▶ **Task item**
Every word in the data below belongs in your copy, exactly as given; the pictures do not.

▶ **Given information**
┄┄┄┄┄┄
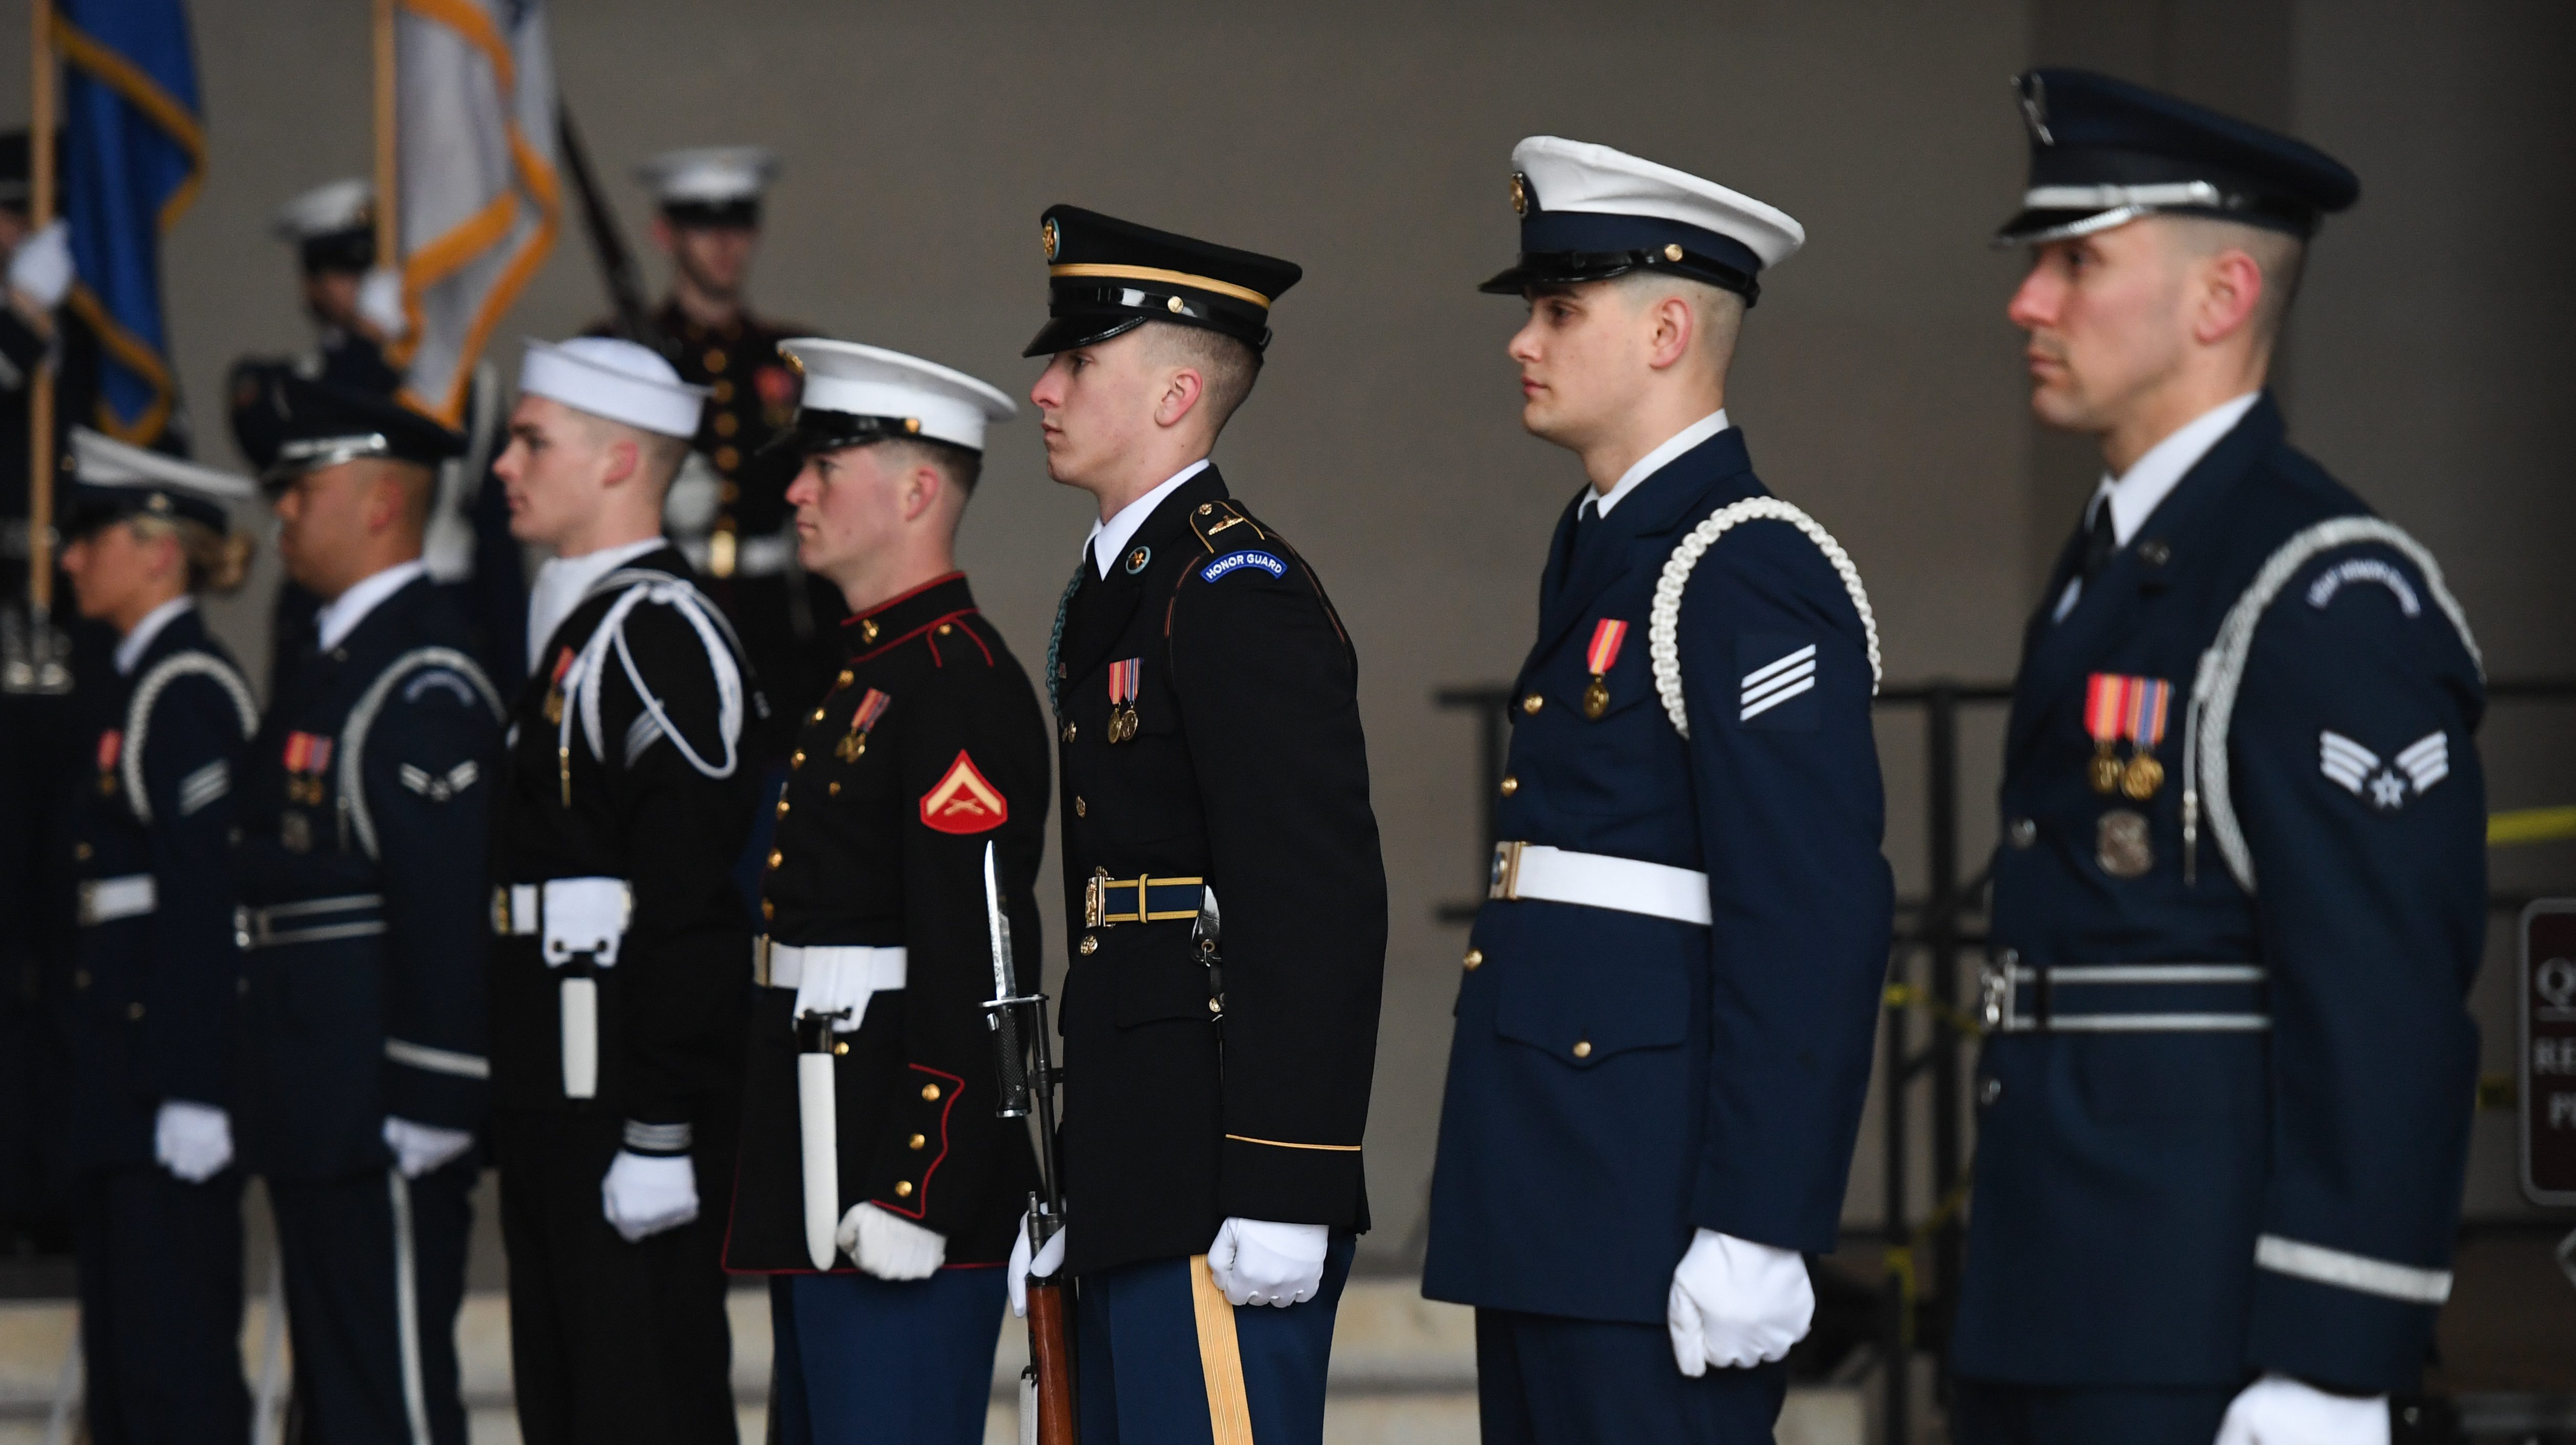 Members of the Joint Armed Forces Honor Guard file out of the Lincoln Memorial during the Armed Forces Full Honor Wreath Ceremony in honor of President Abraham Lincoln's 210th birthday at the Lincoln Memorial in Washington, D.C., on Feb. 12, 2019. (U.S. Army photo by Spc. Dana Clarke)
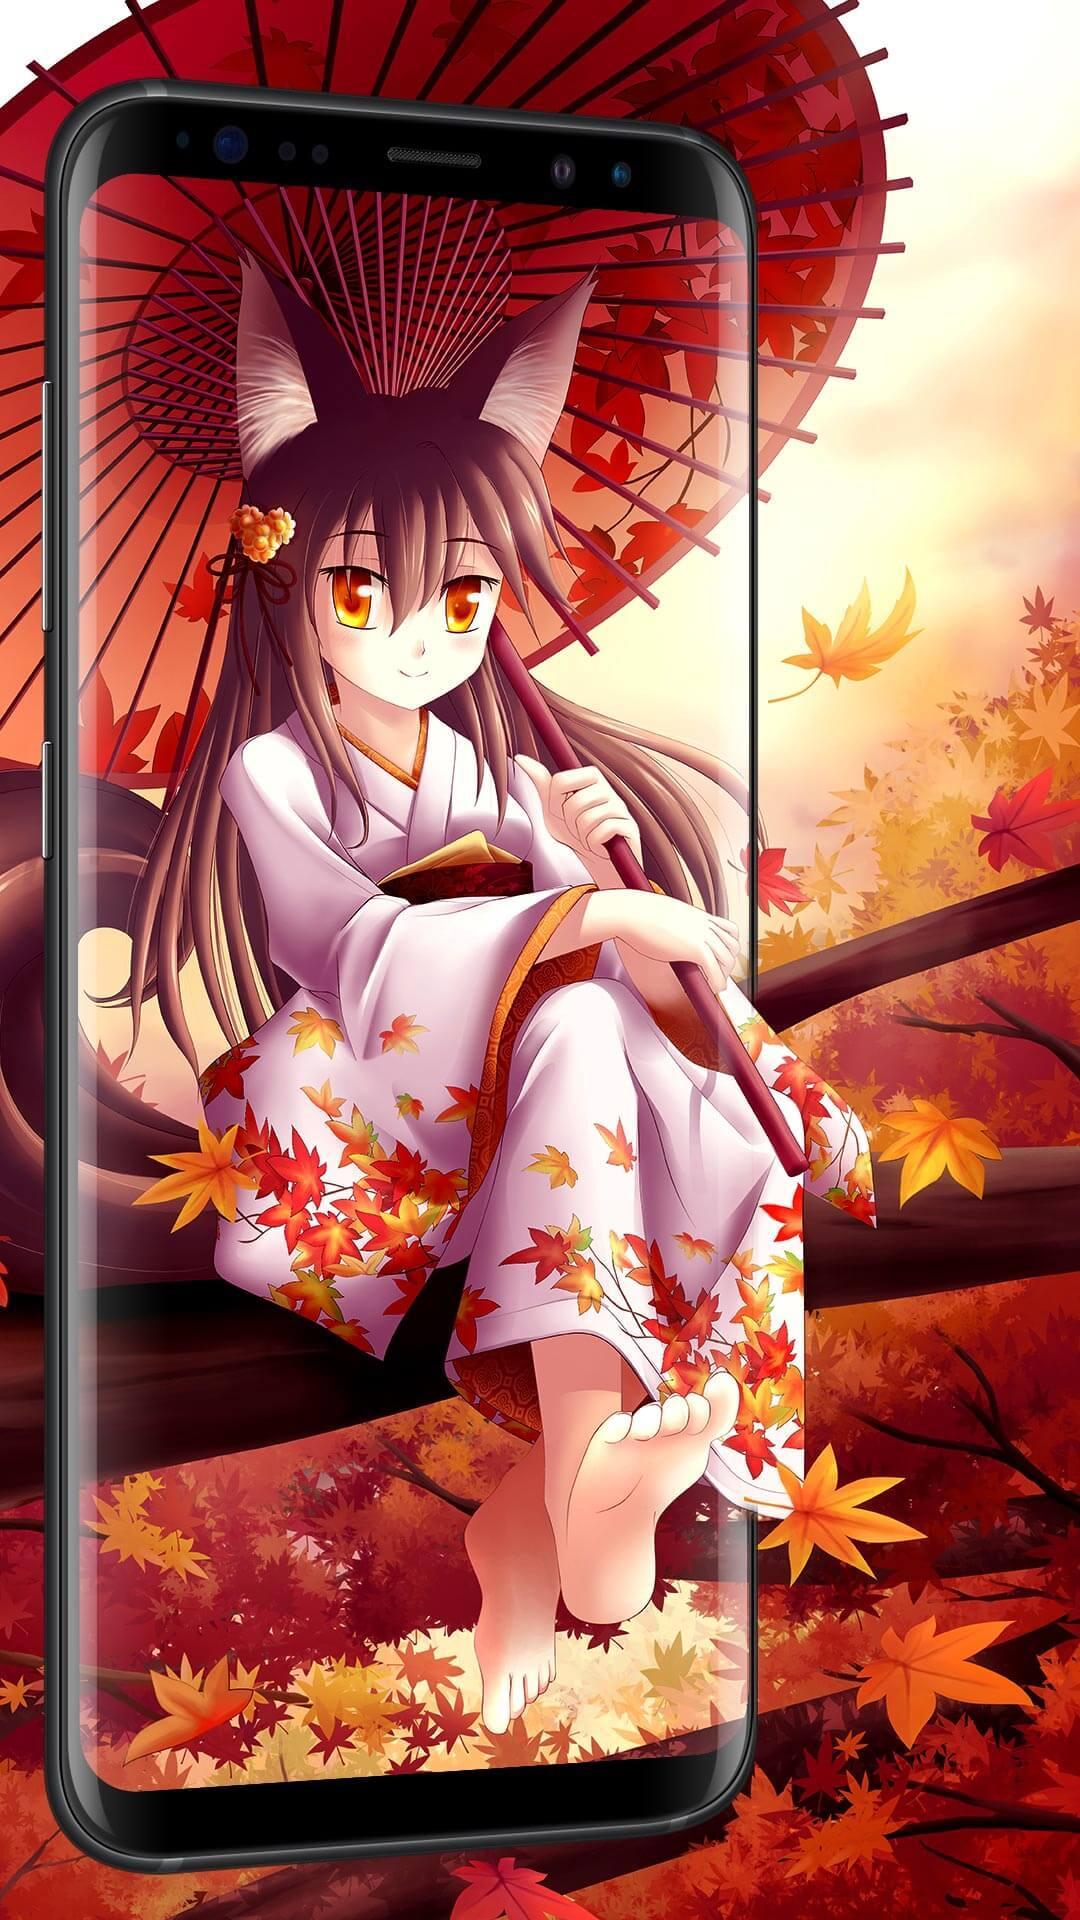 Anime Live Wallpaper 19 For Android Apk Download
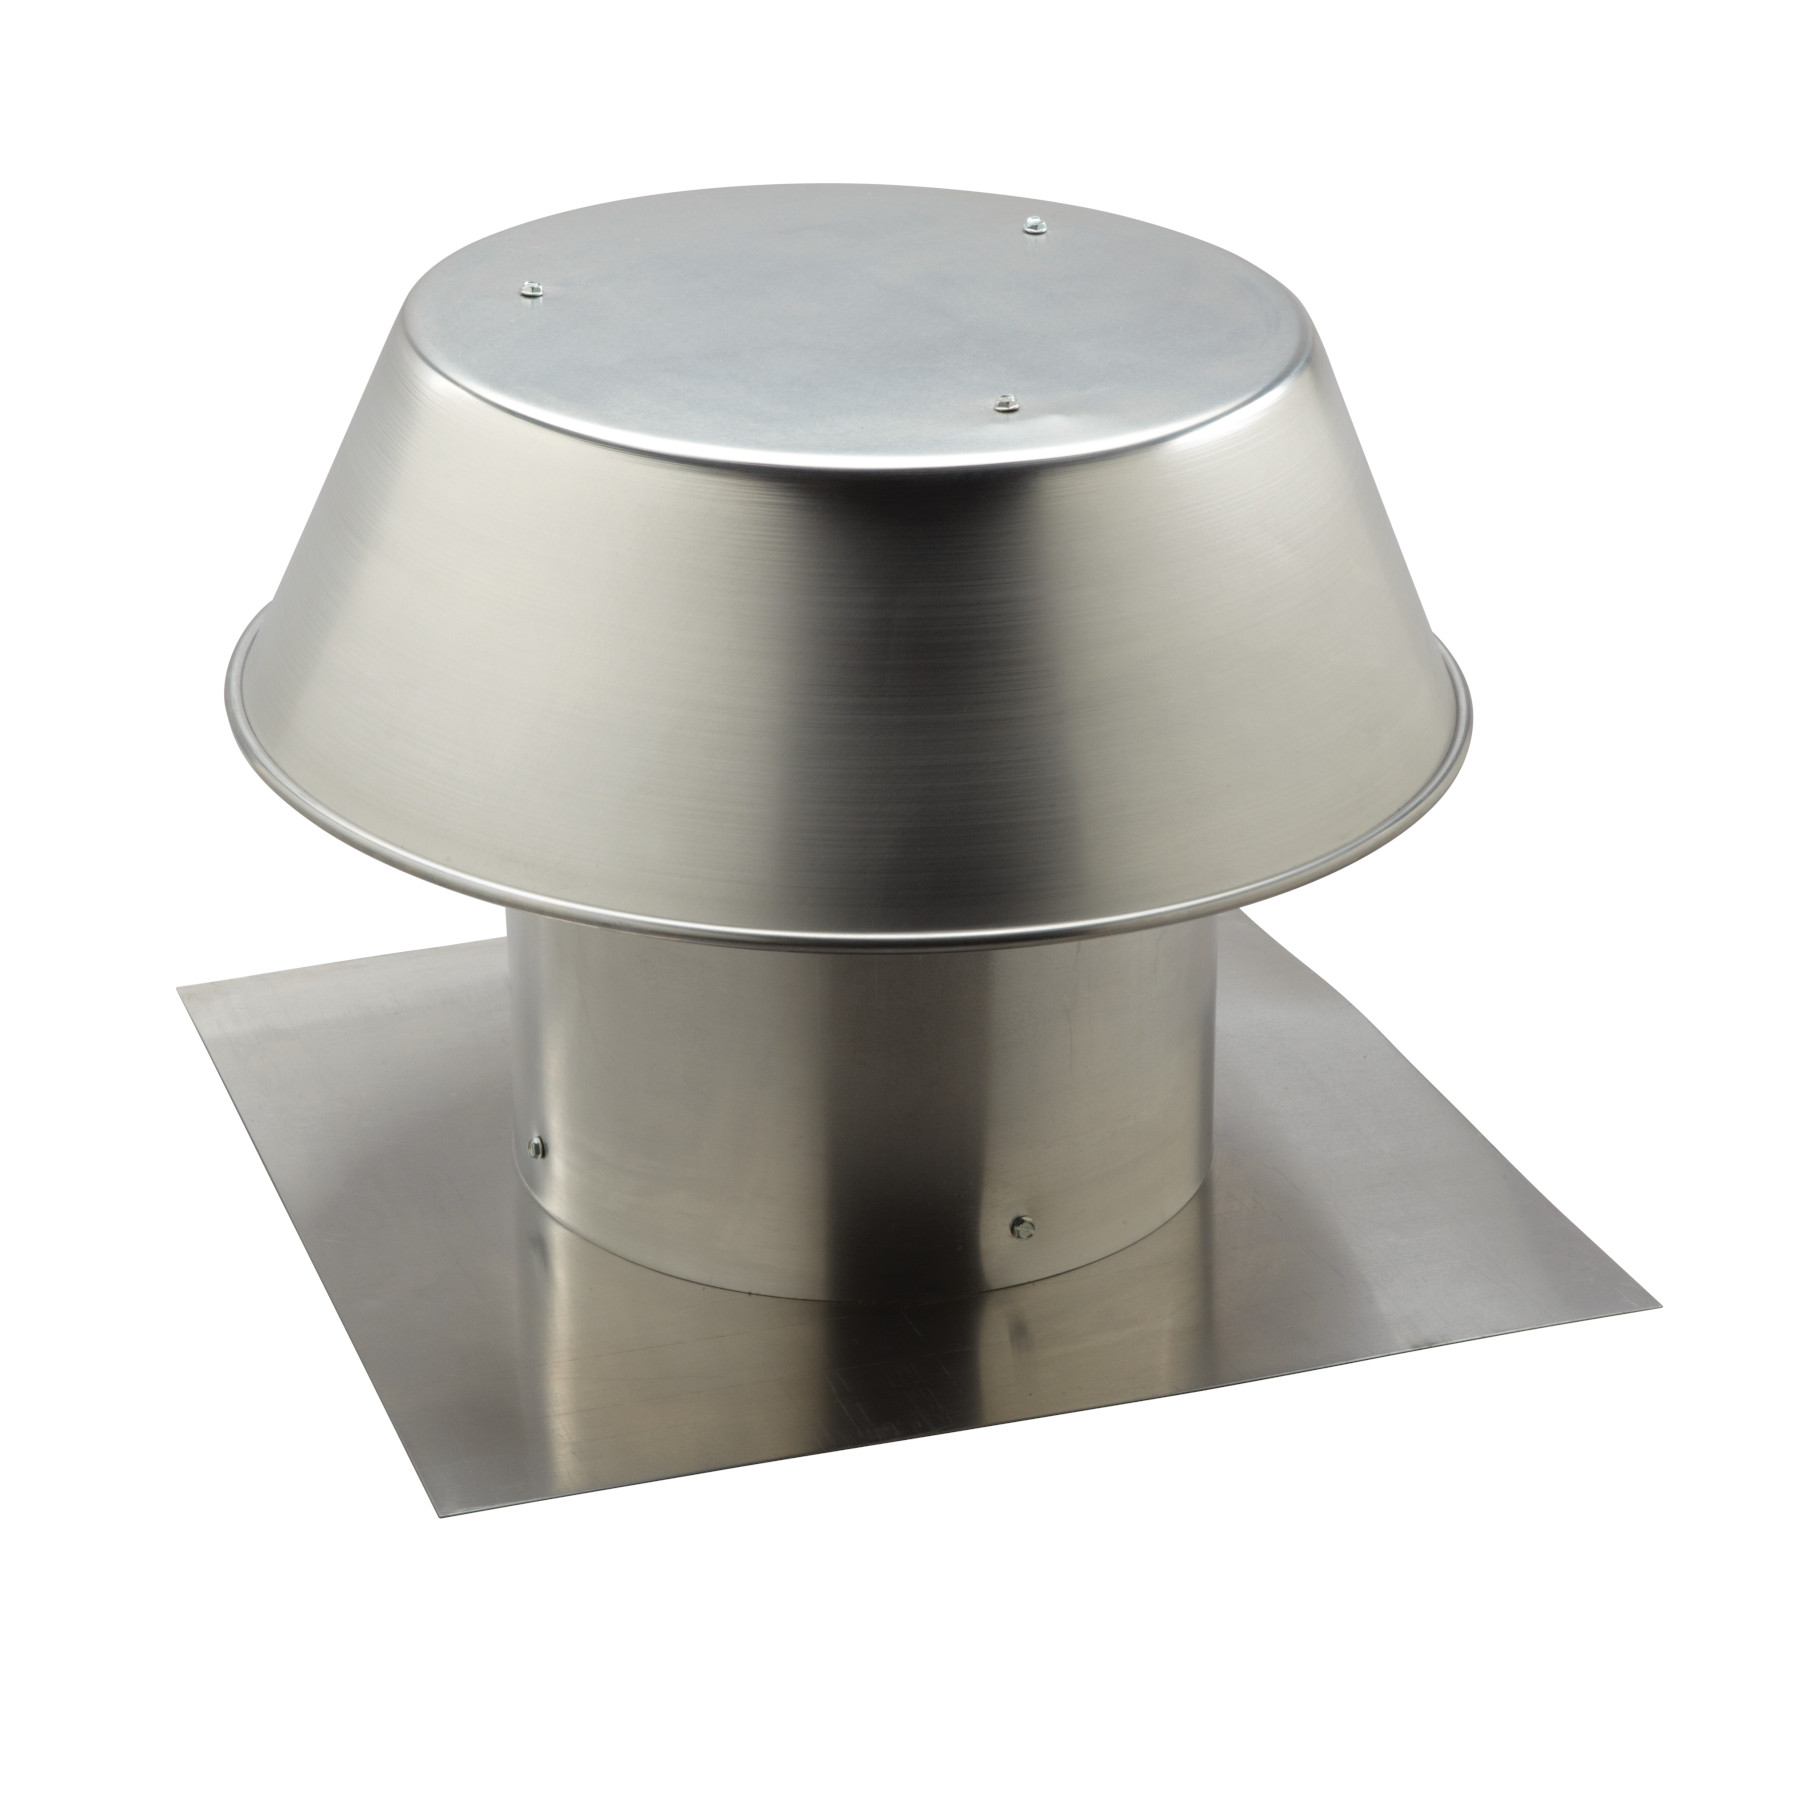 Broan NuTone Aluminum Wall Cap for 12 Inch Round Duct Ventilation Venting Part
┄┄┄┄┄┄
▶ **Output for this task**
 Members of the Joint Armed Forces Honor Guard file out of the Lincoln Memorial during the Armed Forces Full Honor Wreath Ceremony in honor of President Abraham Lincoln's 210th birthday at the Lincoln Memorial in Washington, D.C., on Feb. 12, 2019. (U.S. Army photo by Spc. Dana Clarke)
 Anime Live Wallpaper 19 For Android Apk Download
 Broan NuTone Aluminum Wall Cap for 12 Inch Round Duct Ventilation Venting Part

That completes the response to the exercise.